Unified Search Ranking Benchmark and Tuning Report

Corpus

  • File: src/AdvisoryAI/__Tests/StellaOps.AdvisoryAI.Tests/TestData/unified-search-quality-corpus.json
  • Cases: 250 queries
  • Archetypes: cve_lookup, package_image, documentation, doctor_diagnostic, policy_search, audit_timeline, cross_domain, conversational_followup
  • Labels: relevance grades 0..3

Metrics

  • Precision@1, @3, @5, @10
  • Recall@10
  • NDCG@10
  • Entity-card top hit accuracy
  • Cross-domain recall
  • Ranking stability hash (SHA-256)

Quality Gates

  • P@1 >= 0.80
  • NDCG@10 >= 0.70
  • Entity-card accuracy >= 0.85
  • Cross-domain recall >= 0.60

Tuning Method

  • Deterministic grid search over weighting parameters used by DomainWeightCalculator.
  • Parameter ranges:
    • CveBoostFindings: {0.35, 0.45}
    • CveBoostVex: {0.30, 0.38}
    • PackageBoostGraph: {0.20, 0.36, 0.48}
    • PackageBoostScanner: {0.12, 0.28, 0.40}
    • AuditBoostTimeline: {0.10, 0.24, 0.34}
    • PolicyBoostPolicy: {0.30, 0.38}
  • Tie-breakers: NDCG@10, then P@1, then stability hash.

Baseline vs Tuned

Values populated from UnifiedSearchQualityBenchmarkTests output.

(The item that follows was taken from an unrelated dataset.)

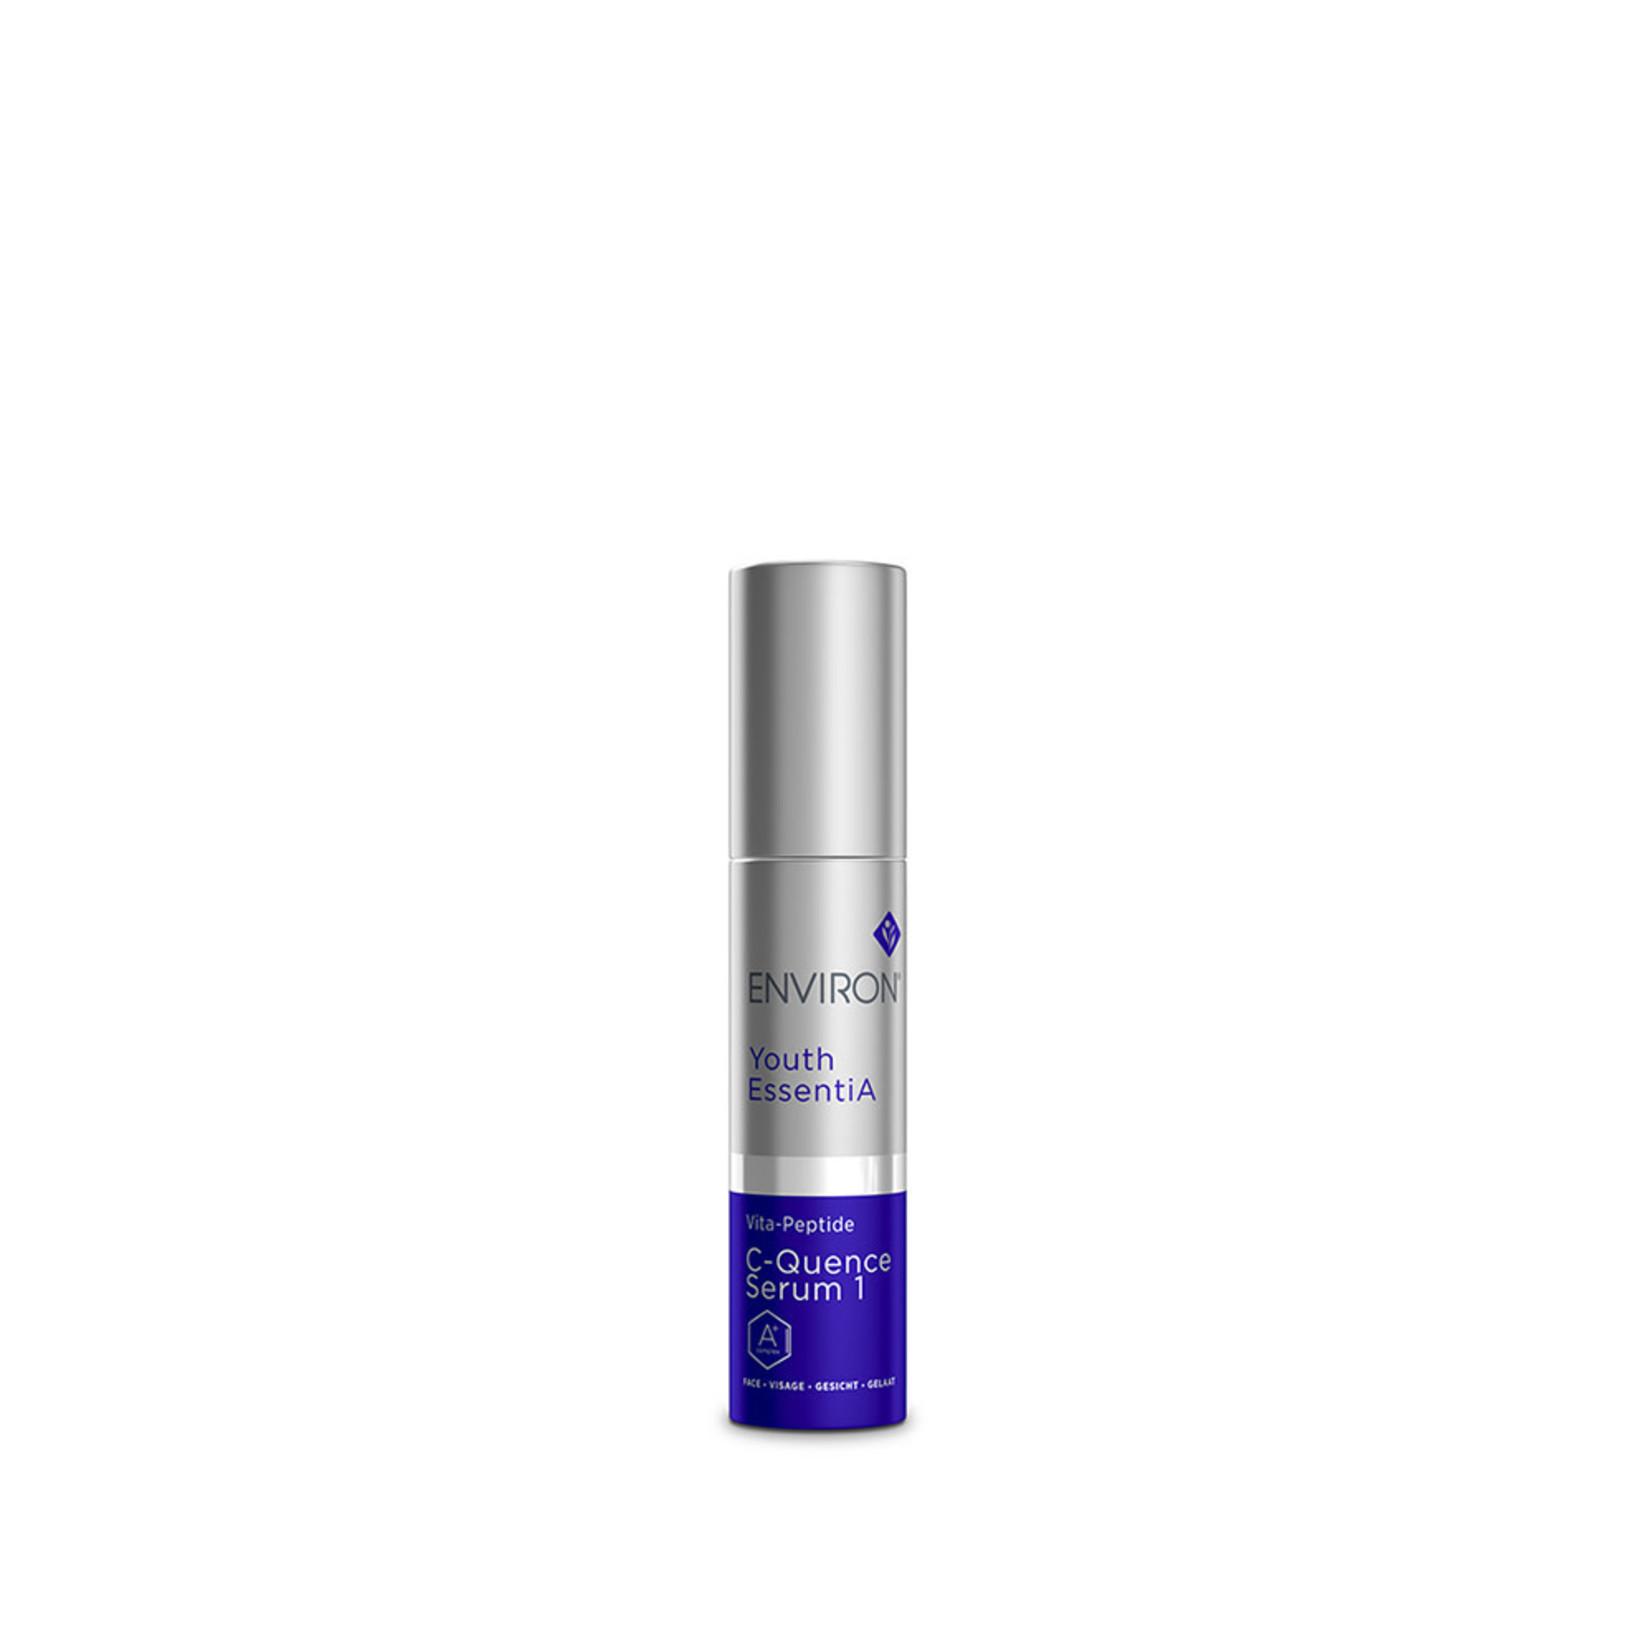 Environ Vita-peptide C-Quence serum 1 - 35ml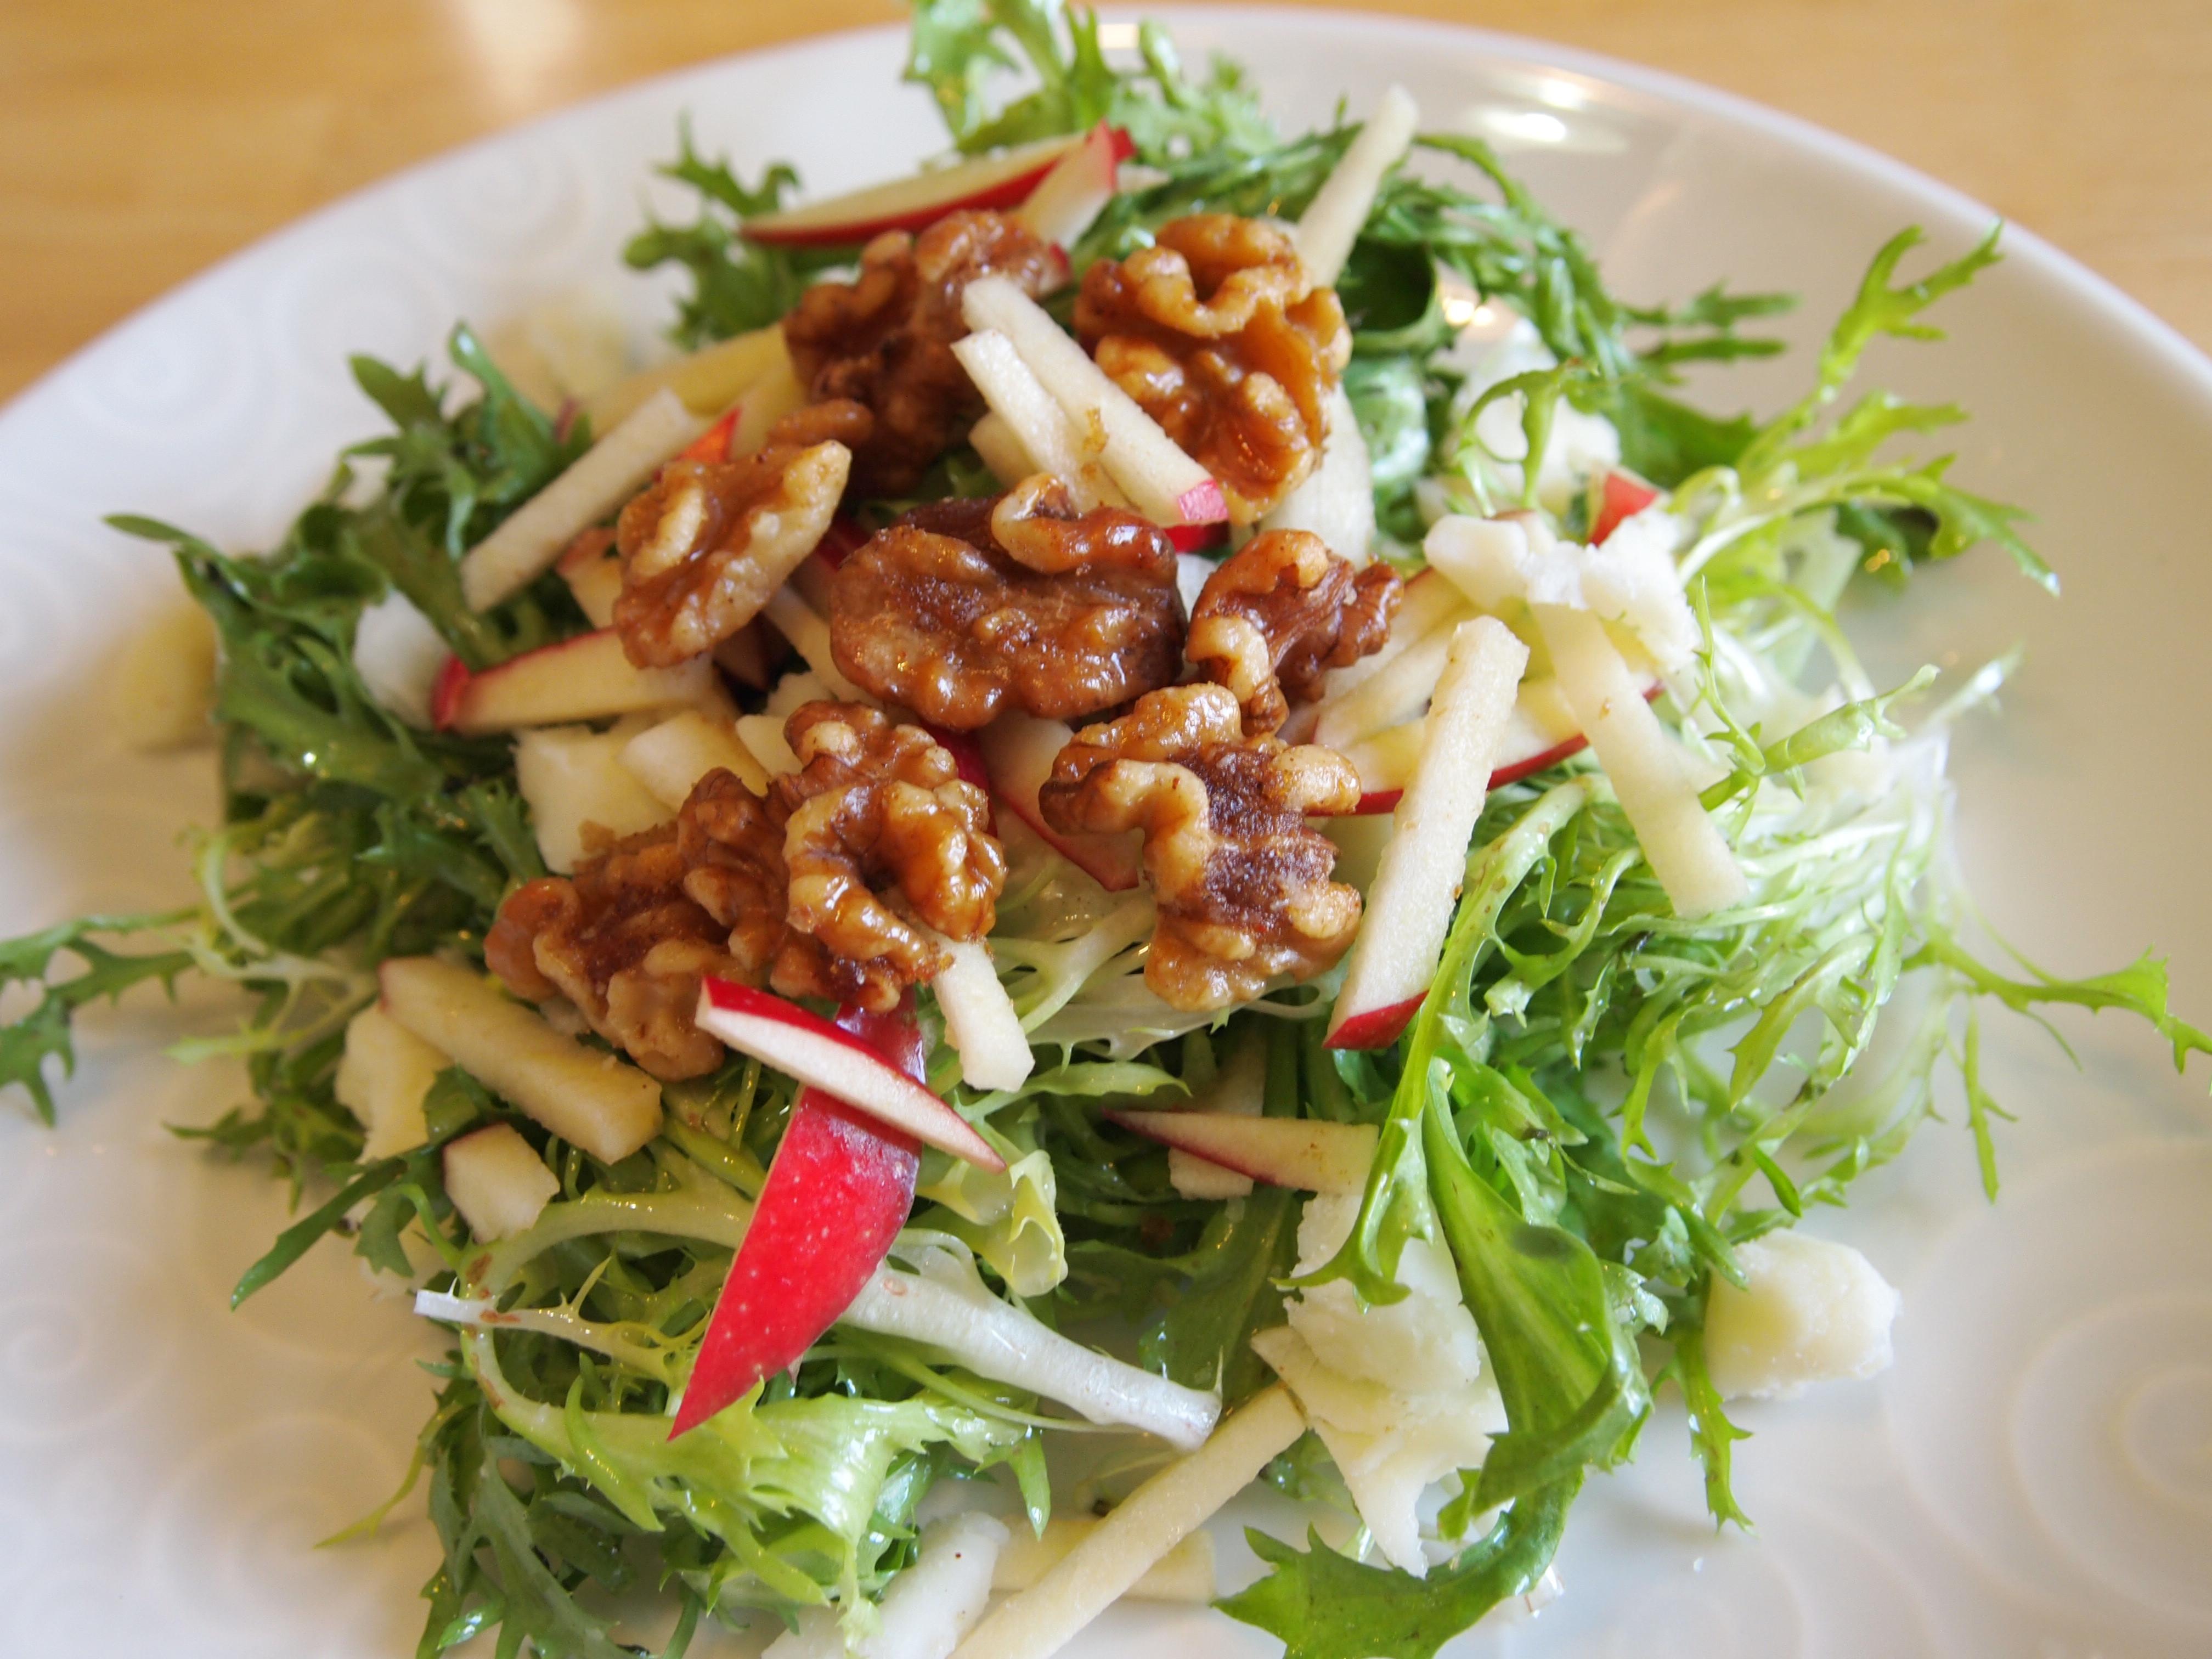 Apple Salad Recipes  Can d Walnut Frisee and Apple Salad Recipe culicurious

Variant P@1 NDCG@10 Entity Accuracy Cross-domain Recall Gates Passed
Baseline (legacy weighting) 0.9560 0.9522 0.9560 1.0000 Yes
Tuned defaults 0.9600 0.9598 0.9600 1.0000 Yes

Reference hashes from benchmark output:

  • Baseline: FF32EBE1DF1705A524B20B5A114B0CF496F1CA05147FC9FD869312903B8F40E9
  • Tuned defaults: B5A12ACFE304E6A4620BBB2E9280FEE2E29E952B3E832F92C69FFA10760DA957

Tuned Defaults Applied

  • UnifiedSearchOptions.BaseDomainWeights
    • knowledge=1.05, findings=1.20, vex=1.15, policy=1.10, graph=1.15, timeline=1.05, scanner=1.10, opsmemory=1.05
  • UnifiedSearchOptions.Weighting
    • cve/security/policy/troubleshoot/package/audit/role boosts aligned with tuned values in UnifiedSearchOptions.cs

Determinism

  • Repeat runs produce identical stability hash for fixed corpus + options.
  • Fast subset (50 queries) and full suite (250 queries) both run in CI lanes.